Après la période du bac à sable, alors que nous avions rejoint l’école primaire, vint un hiver si froid que la grippe nous consigna, l’un après l’autre, à la maison. Blottie au creux du lit avec en guise de bouillotte une bouteille de genièvre en grès contenant du sable et réchauffée dans le four de la cuisinière, j’écoutais Maman me raconter une histoire. Moments bénis de cajoleries et d’attentions. Dehors, la neige tombait sans un bruit ; bonheur !
En juillet, mois de mon anniversaire, Papa m’emmena à la mer en train. D’Ostende à Mariakerke la plage était longue et le sable tantôt mou, tantôt dur musclait mes petites jambes trottinant dans les pas d’un bon marcheur. Les coquillages et les couteaux, si jolis, m’offrirent de petites haltes bienvenues et le sac à dos se remplit de trésors. A notre retour, après plus de trois heures d'étuve dans un wagon, j’en déversai fièrement le contenu sur la table et un coin de dune envahit comme par miracle la cuisine.
Dix ans plus tard, en une année mouvementée pour la jeunesse, je campais avec d’autres jeunes villageois dans un vaste camping à Bray-dune, en France. Nous avions choisi un emplacement sauvage et isolé au creux de grandes dunes. Ce fut un été magique. Bien des interdits tombaient et Radio Caroline, radio libre à l’odeur soufrée, émettant des eaux internationales, comblait toutes nos attentes. Nous nous sentions libres et si quelques grains de sable venaient pimenter les repas pris dans la tente intendance, ils n’en avaient que plus de saveur. Plusieurs années de suite la formule fut renouvelée et de cette période des liens très forts perdurent entre nous.

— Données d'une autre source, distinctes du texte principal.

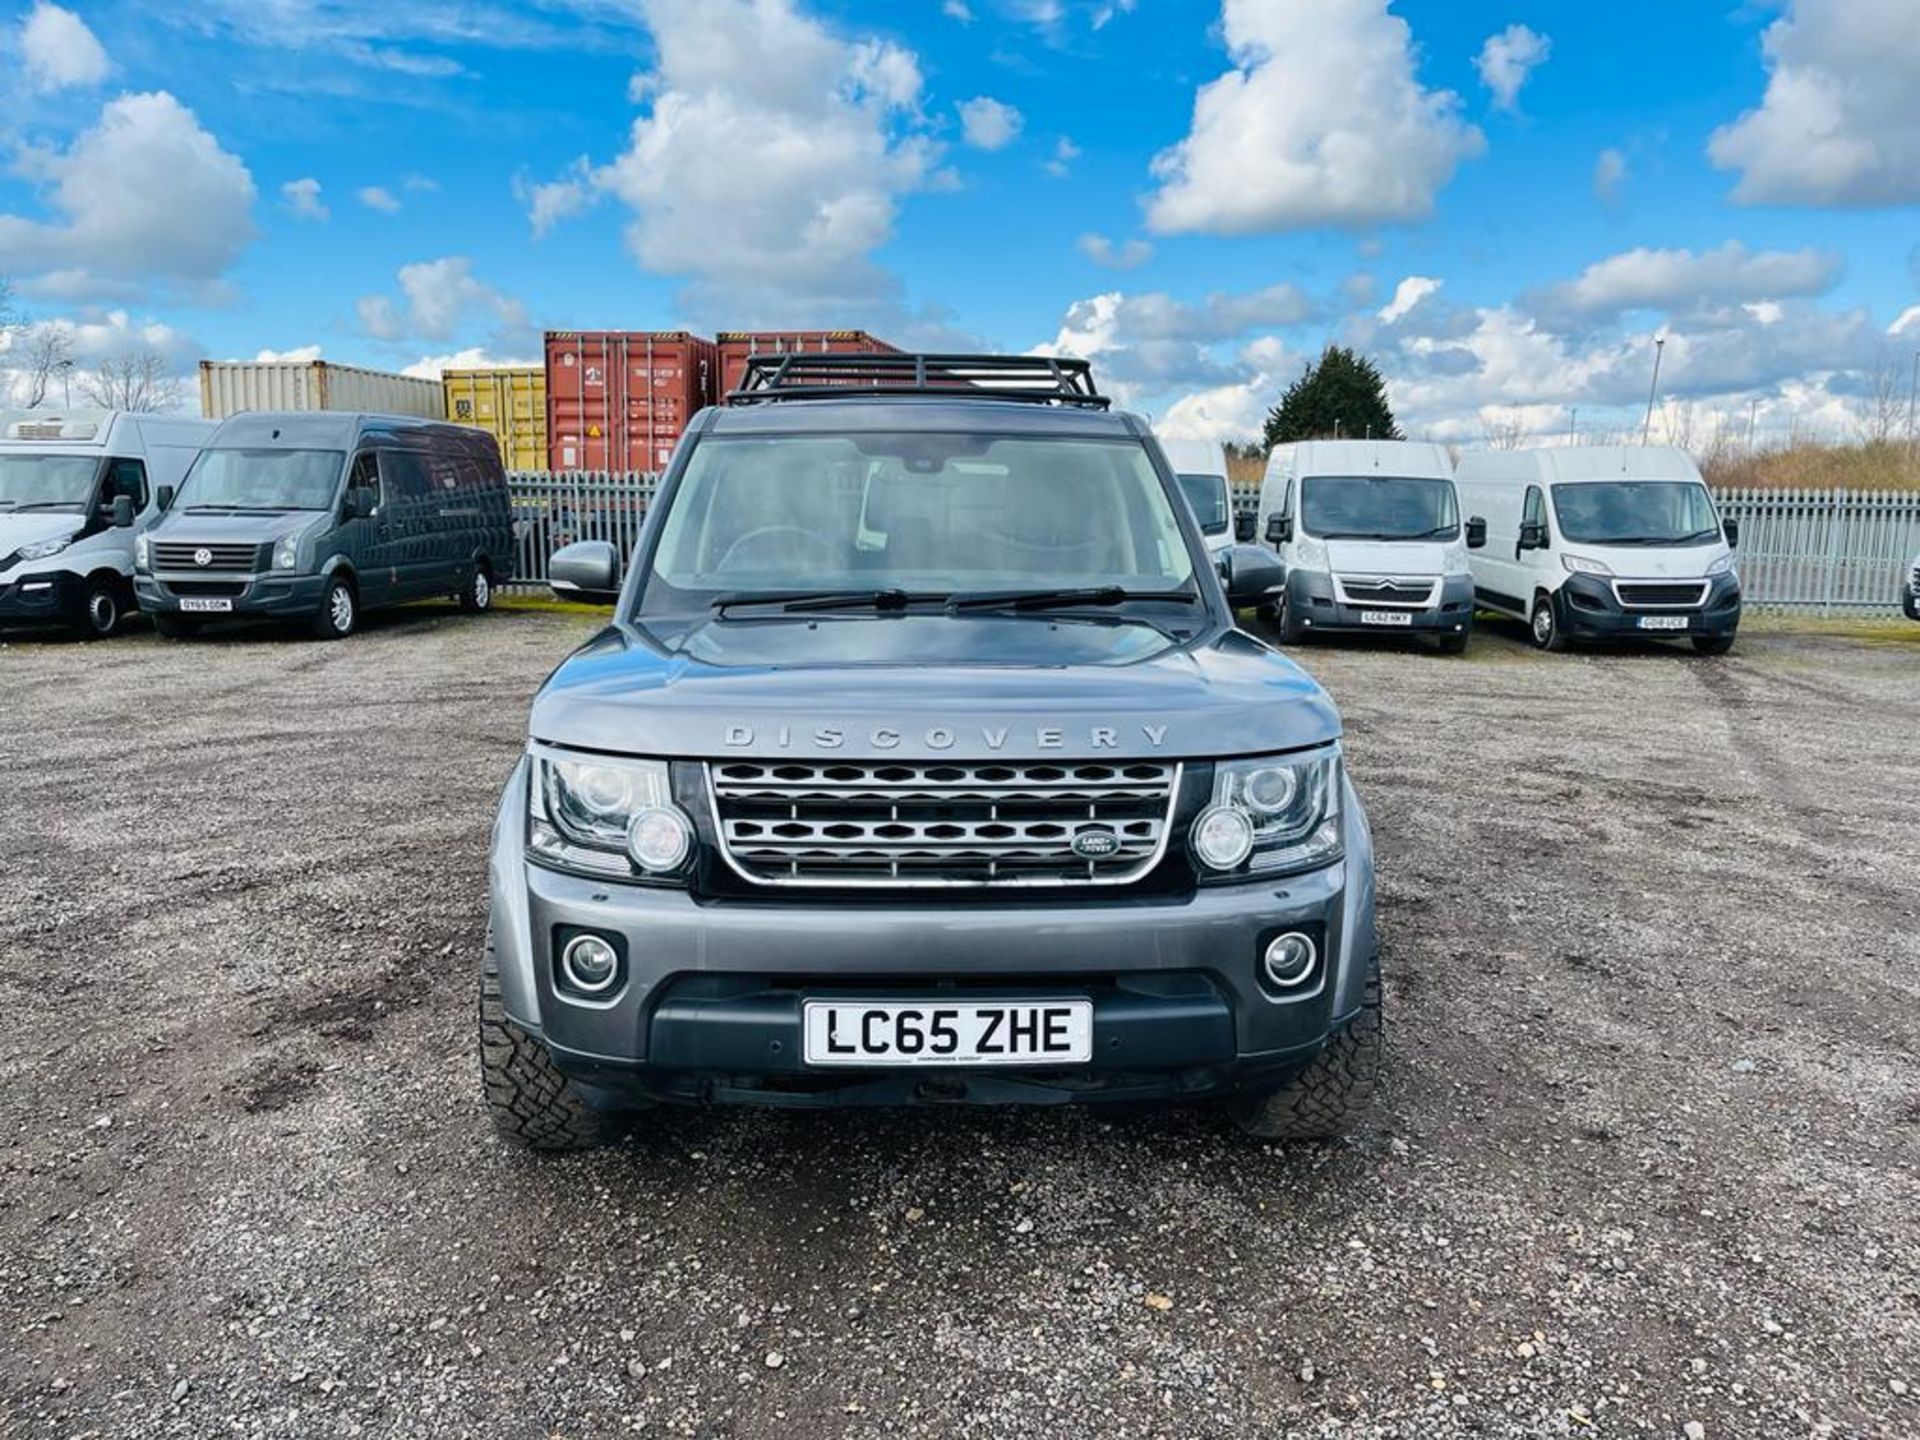 **ON SALE**Land Rover Discovery 3.0 SDV6 Auto SE 2016 '65 Reg' Sat Nav - 4WD - A/C -Only 97214 Miles - Image 2 of 26

"Charmant", devenu bel homme, prit cependant ombrage de me voir embarquer pour un pique-nique au Cap Gris Nez avec un parisien rencontré au dancing Le King. Qu'importe ! Me reviennent en mémoire des plages immenses au sable doux et chaud, un ciel moutonneux et de délicieuses crêpes...
Le Parisien ? J’en ai oublié jusqu’à son prénom.
Nouvel an glacial ! Couchée sur le divan, je grelotais, déchirée par une douleur insupportable au flanc droit.
- Tchamarette1, gronda Papa, a-t-on idée de sortir aussi peu vêtue. C’est vraiment chercher la mort !
Avec mon gros pyjama en pilou, je ne payais pas de mine alors que la veille, en beauté dans une robe ajustée et agrémentée d’une large ceinture en satin ton sur ton, j’avais dansé à en avoir le tournis.
Douleurs, douleurs !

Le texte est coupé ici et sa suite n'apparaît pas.